Squid Timeline analysis

June 24th, 2009 kiddi No comments

Sometimes it can be useful to know at what time a malware starts communicating to the outside world, and often it is done through HTTP or HTTPS.  So it can be quite useful to examine network log files to determine the initial time that the malware started to communicate to the C&C.

One method in doing so would be to use the tool mactime from TSK to read Squid access log, you only need to modify the access log so it is contained in a bodyfile.  So I wrote the script squid2timeline that achieves that. The usage of the script is:

squid2timeline -c CONFIG [-l] [-h HOST] [ACCESS]
 Where CONFIG refers to the configuration file of squid, usually /etc/squid/squid.conf
 The script then reads the variables needed to determine the correct format of the squid
 access file and the location of the current squid access file.
 Optional: ACCESS defines the access file to read, otherwise the current one as it is
 defined in the squid.conf file will be read.
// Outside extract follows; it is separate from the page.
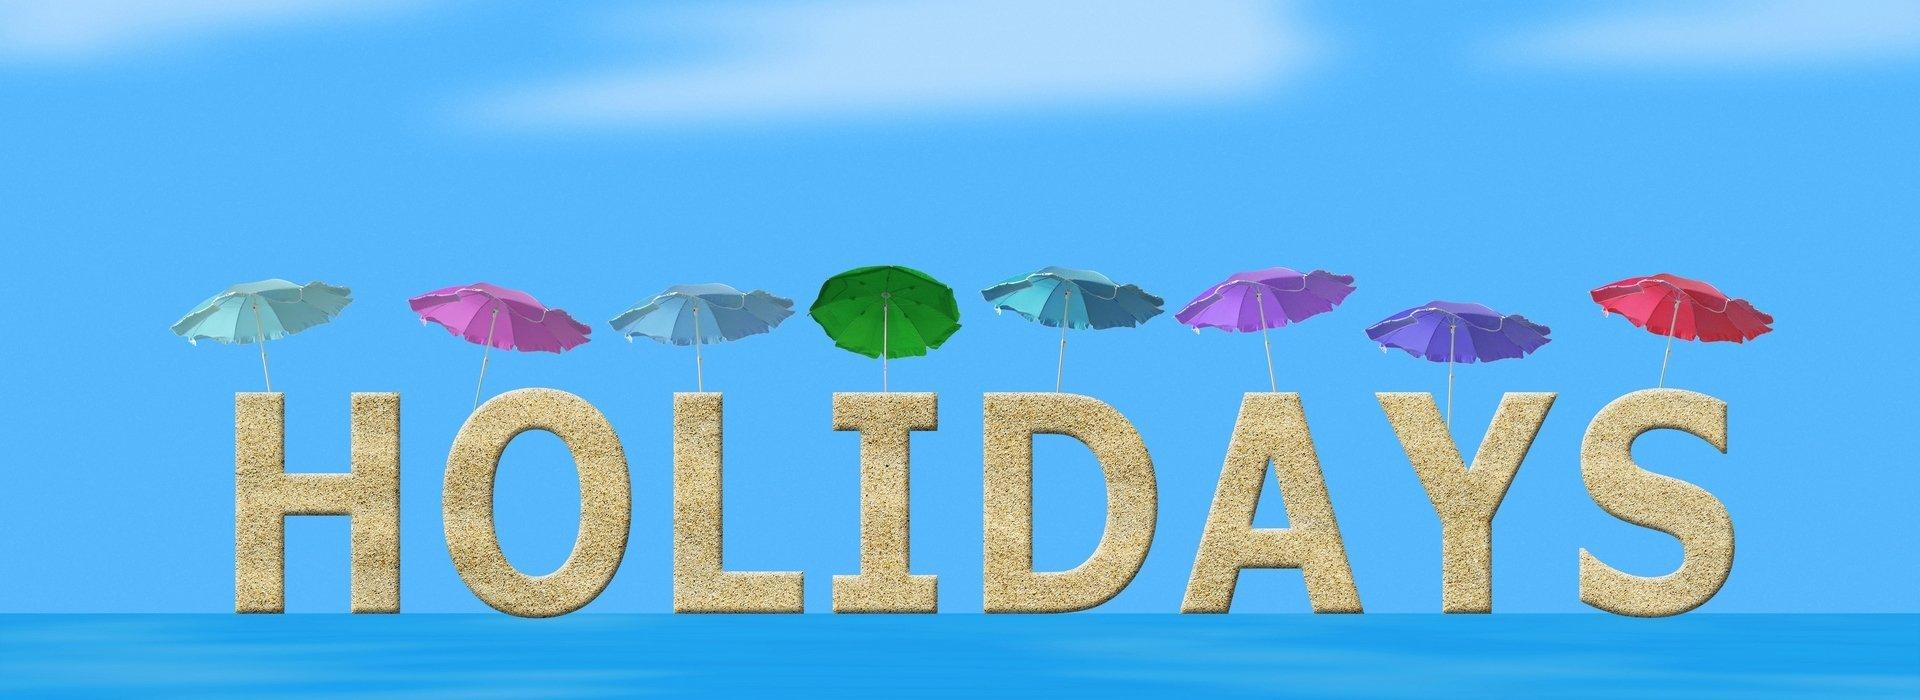 Feiertagen

squid2timeline [-l] [-h HOST] [-e] ACCESS
 -e Indicates that the access file is constructed using emulate_h t t p d_log on
 Otherwise (the default behaviour) emulate_h t t p d_log will be assumed to be off

 [-l] Defines a legacy timeline format as used by TSK version 1.X and 2.X,
 otherwise version 3.0+ is assumed.

 [-h HOST] defines a host name to be included in the timeline.

So one example of the usage of this script is to map the timeline of one individual IP address that is infected, or suspected of being infected, from the access log file and run it through the script and mactime.
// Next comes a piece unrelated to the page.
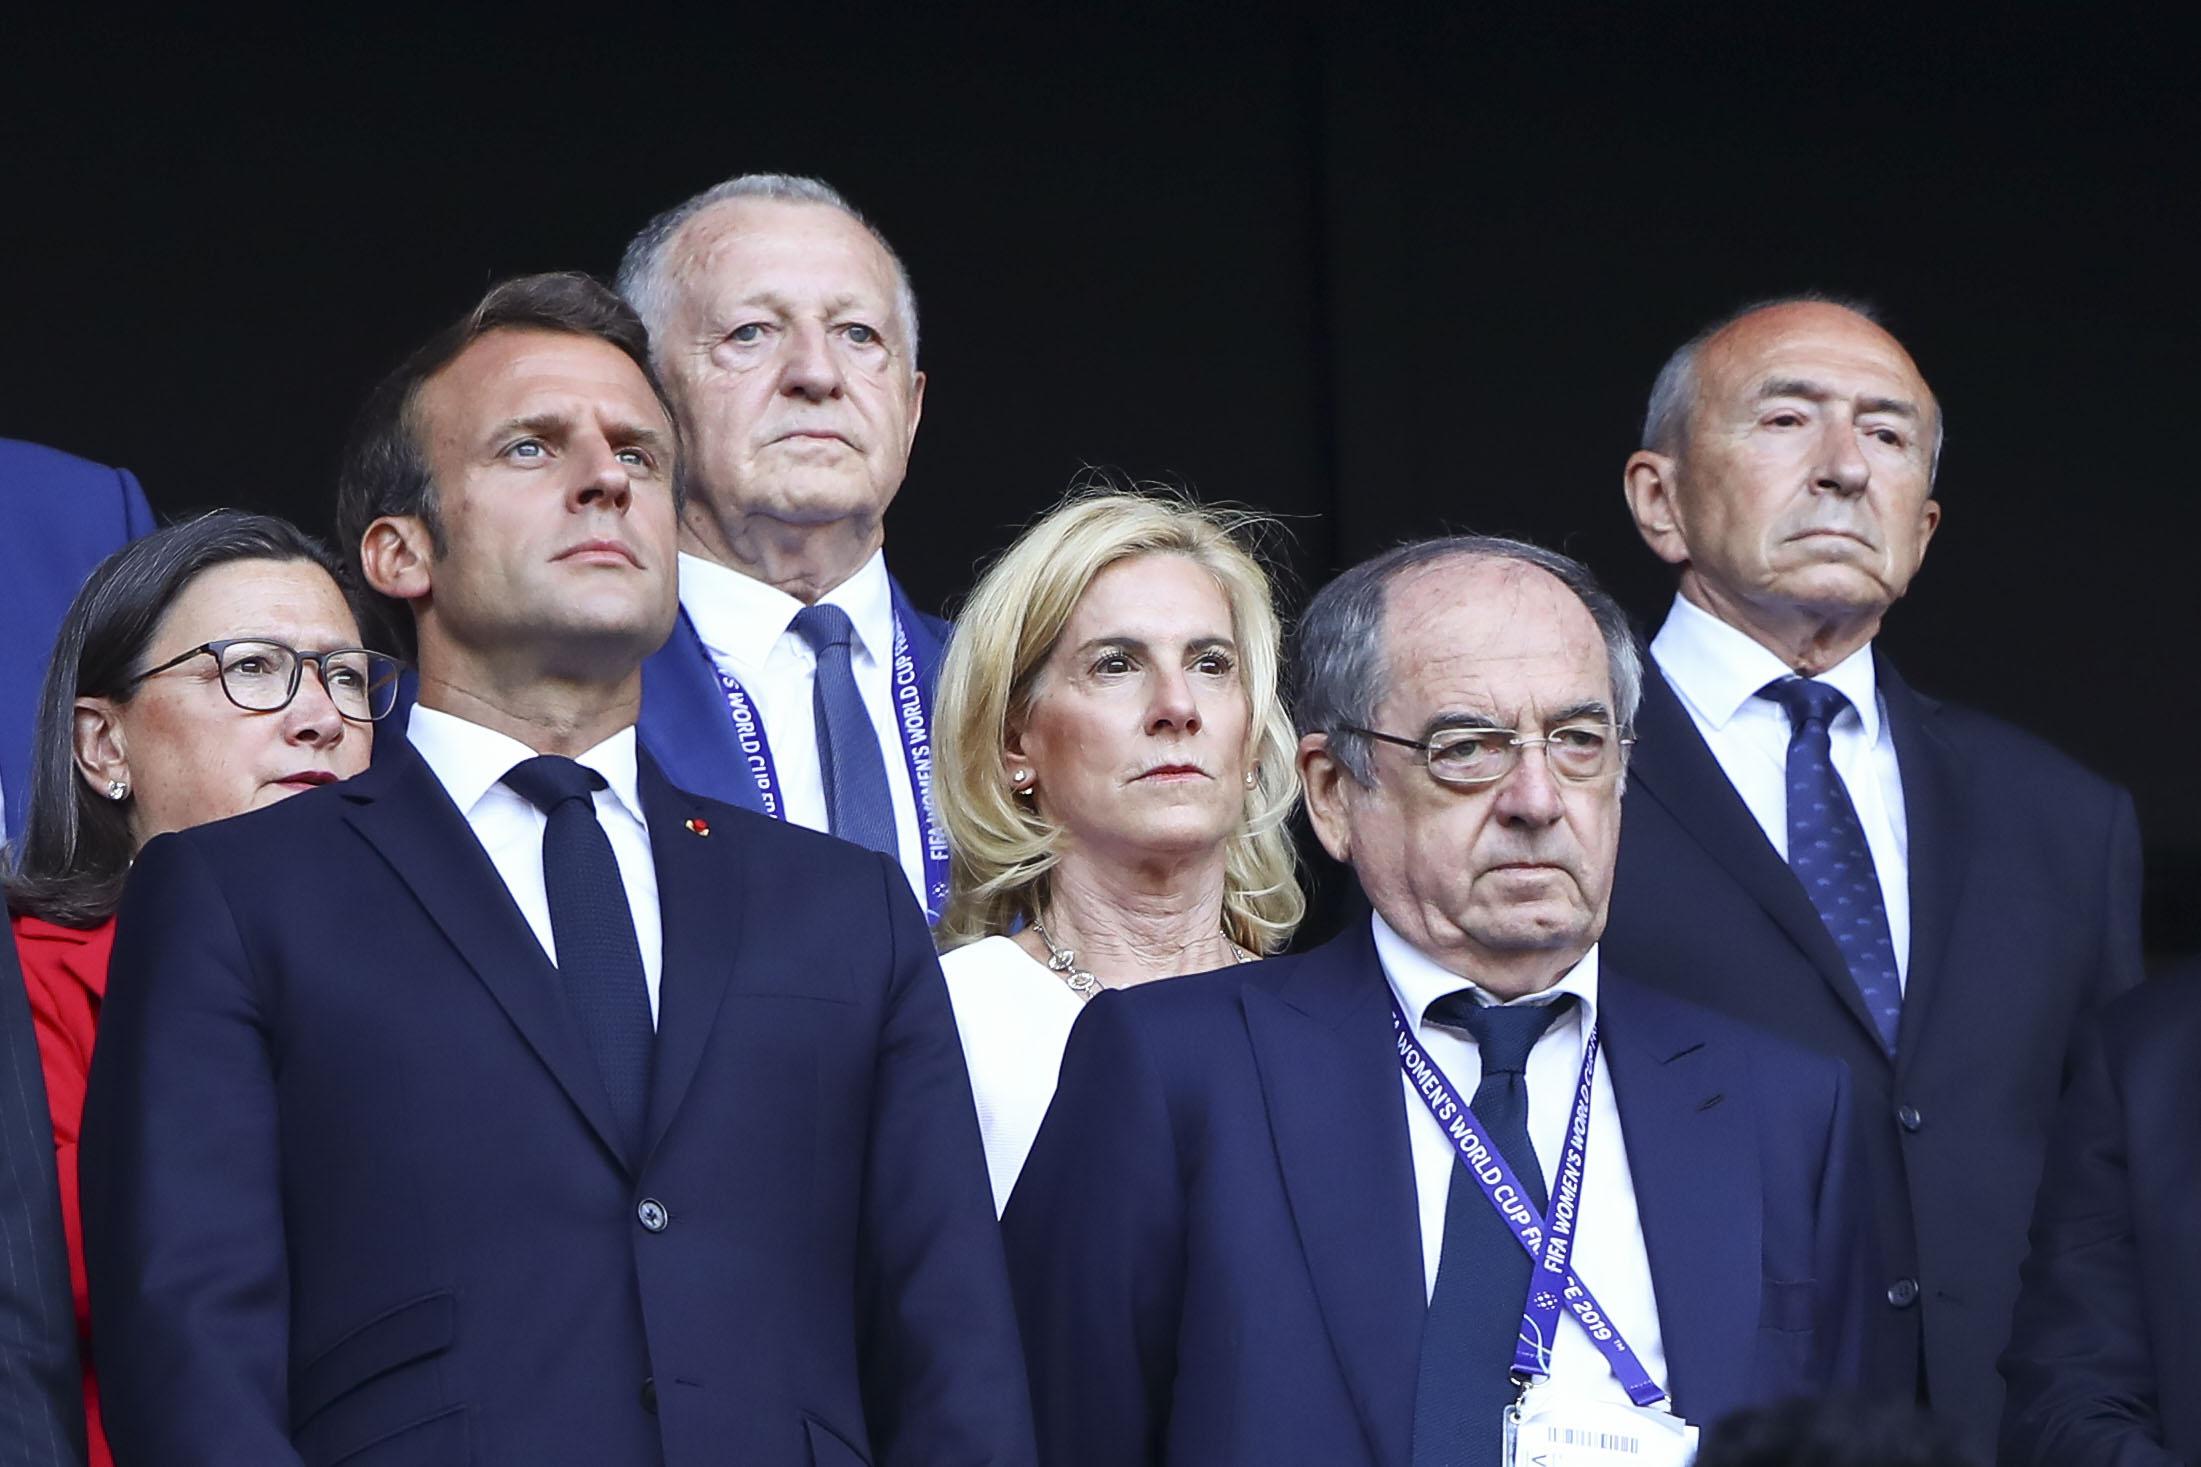 Football - Ligue 1 - Le Graët : «Macron veut que le football reprenne vite et avec des spectateurs»

grep 10.1.1.1 access.log.1 > access.log_10.1
squid2timeline access.log_10.1 > body
mactime -b body -i hour summary -d > timeline.csv

The content of the file “timeline.csv” would then be a timeline in a CSV format and the file “summary” contains an hourly summary of the traffic.  If we examine the content of the summary file it looks like this:

Hourly Summary for Timeline of body

Mon Jun 22 2009 04:00:00, 835
Mon Jun 22 2009 05:00:00, 945
Mon Jun 22 2009 06:00:00, 807
Mon Jun 22 2009 07:00:00, 814
Mon Jun 22 2009 08:00:00, 810
Mon Jun 22 2009 09:00:00, 804
Mon Jun 22 2009 10:00:00, 879
Mon Jun 22 2009 11:00:00, 1680
Mon Jun 22 2009 12:00:00, 1789
Mon Jun 22 2009 13:00:00, 1023
....

So a unusual spike appears in the traffic around 11:00, something that could be an indication of an infection.  This than can assist the analyst to focus the investigation on that timeline.
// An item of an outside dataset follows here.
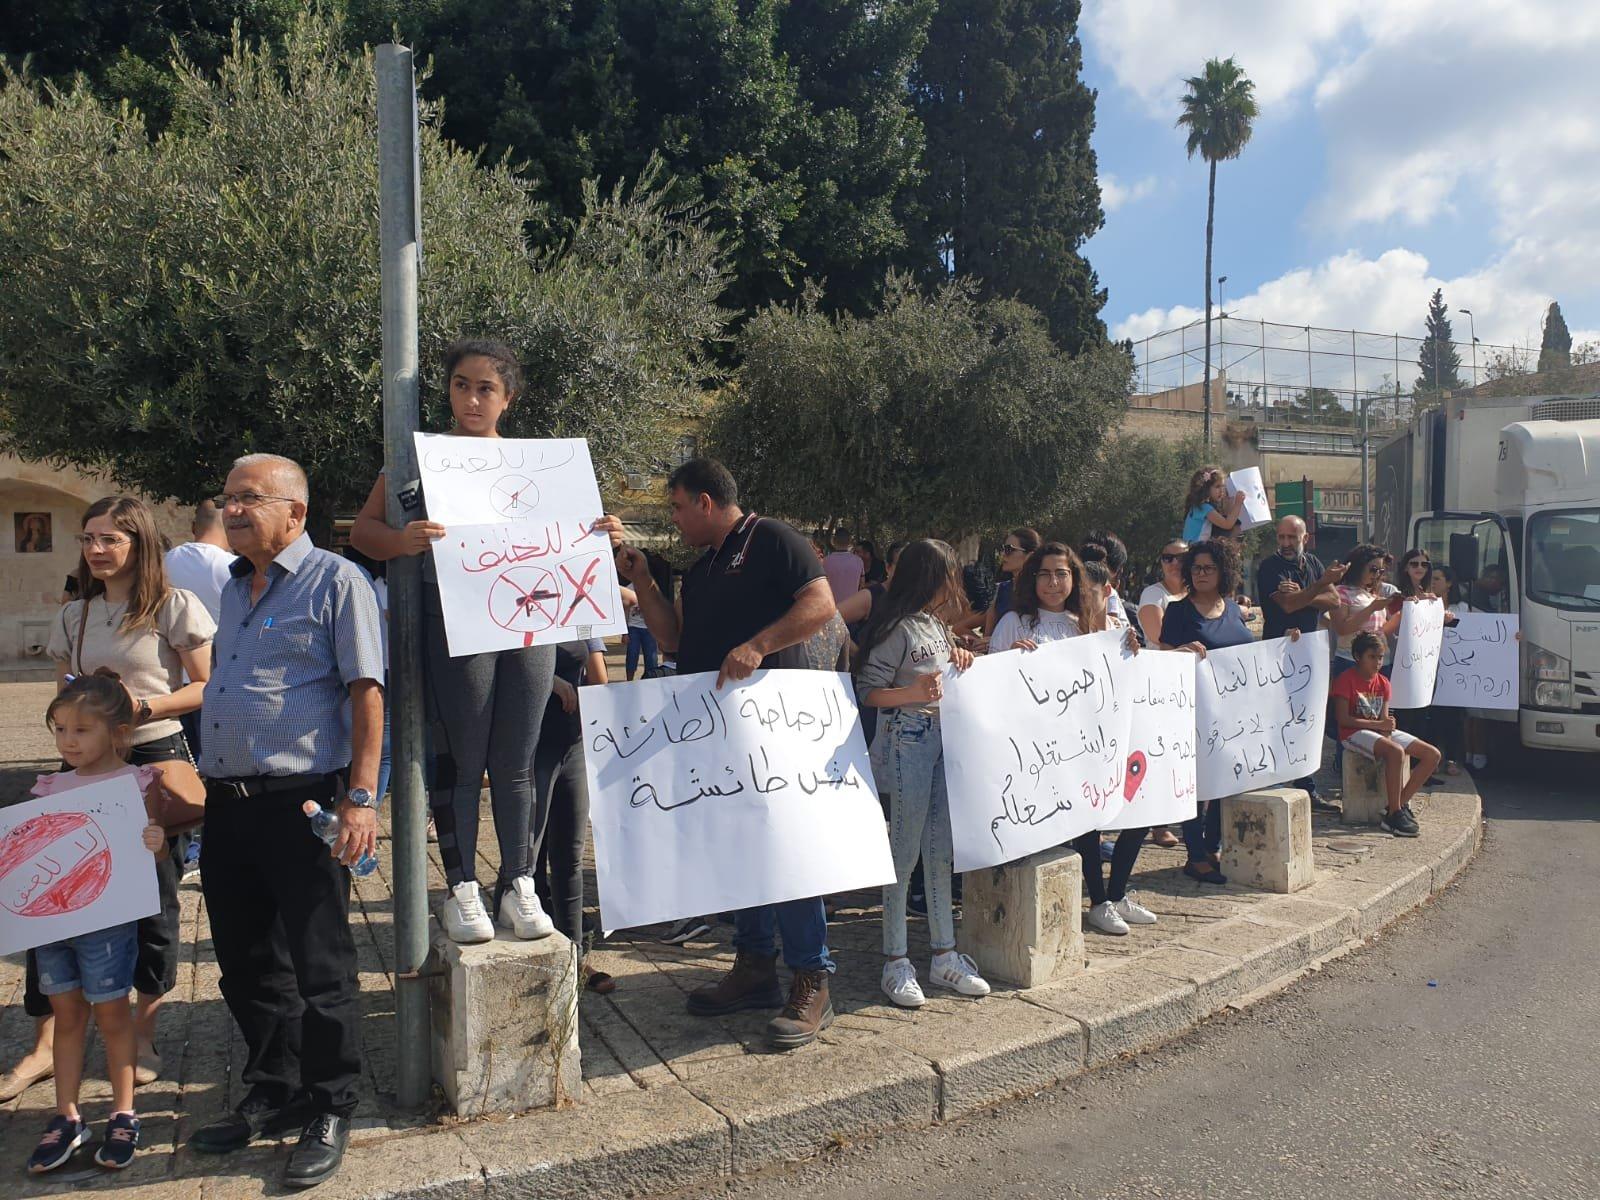 طلاب الناصرة يرفعون راية  أوقفوا العنف من حقنا العيش بأمان

Categories: Forensics, Network Analysis Tags:

Office 2007 metadata

June 12th, 2009 kiddi No comments

Metadata information from documents can be a great source of information for investigators.  And I’ve often come across documents created in Microsoft Word or other Office documents.  There are several scripts and tools to read the properitary binary office 2003 and earlier format that Microsoft created and I’ve got nothing to add to those tools.  But I couldn’t find any tools that listed the metadata information from Office documents created using Office 2007, which use the OpenXML document format.  So I decided to examine it a bit further.

Microsoft has published a good document describing the structure of OpenXML, for instance here. Essentially a document created in the OpenXML document format is a compressed file, using the well known ZIP format.  Inside the ZIP file are predefined structures of files, mostly XML files that describe the document and it’s content.  So it can be easily read using standard available libraries in scripting languages such as Perl.

According to Microsoft a folder is created inside the ZIP archive called “_reis”.  This folder contains a file named “.rels” that defines the root relationships within the package.  This should be the first place to be able to parse the content of the document.  Whitin the .res file you find tags that define the relationship of the document:

<Relationship Id="someID" Type="relationshipType" Target="targetPart"/>

Metadata is stored in files that contain a type of “*properties”, most notable the “core-properties” and “extended-properties”. These files are usually stored in the following location:

  • docProps/core.xml
  • docProps/app.xml

These files then contain the actual metadata information, such as document creator, last saved by information, etc. These files then need to be extracted and parsed to display the metadata information.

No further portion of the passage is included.